05.31.19

White-Labels, Brands, and Trust: How Mutual Fund Labels Affect Retirement Portfolios

Research Report
Insights Report

Finance theory assumes that investors maximize risk-adjusted returns when choosing portfolios. In reality, some people are also influenced by irrelevant factors, such as cosmetic changes to investment fund names.

Summary

Retirement plan menus have been changing as sponsors adopt new generic, or "white-label," funds. This study explores how plan participants react to white-label and branded investment options – specifically, how brand trust alters participants’ investment allocations. The researchers also examine the impact of brand trust on expected returns and risk perceptions.
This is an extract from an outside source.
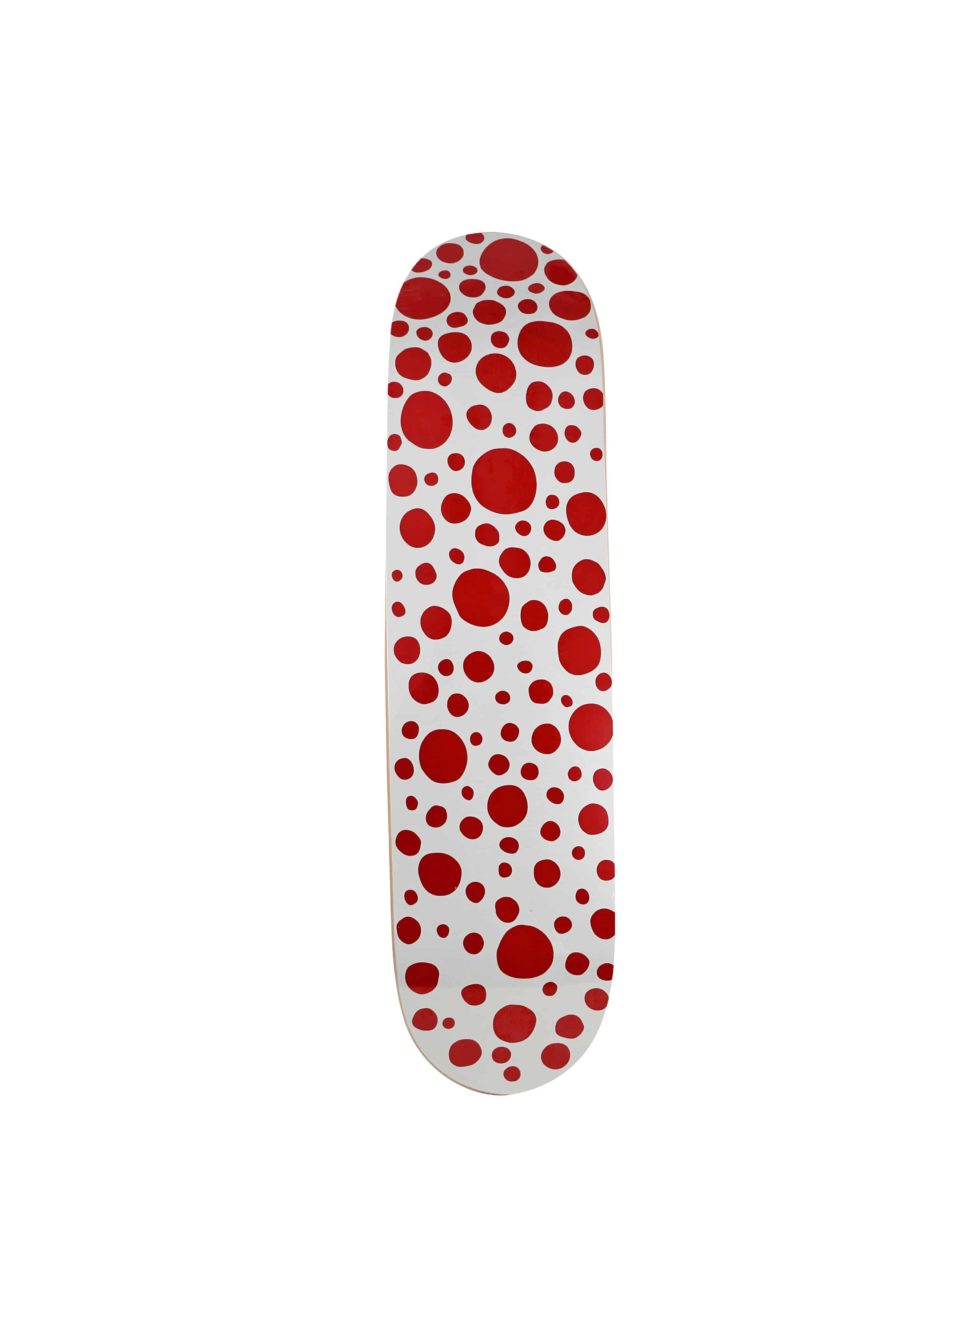 Yayoi Kusama Red Dots Small Skateboard Skate Deck- Baer & Bosch Auctioneers

The findings have important implications for both fund providers and plan sponsors.

Key Insights

  • Participants allocate significantly more to trusted brands when choosing between otherwise equivalent investment options.
  • Options showing the names of highly trusted employers are more attractive to plan participants than equivalent white-label options.
  • Participants expect higher risk-adjusted returns and lower risk from options that display the name of a highly trusted brand or highly trusted employer.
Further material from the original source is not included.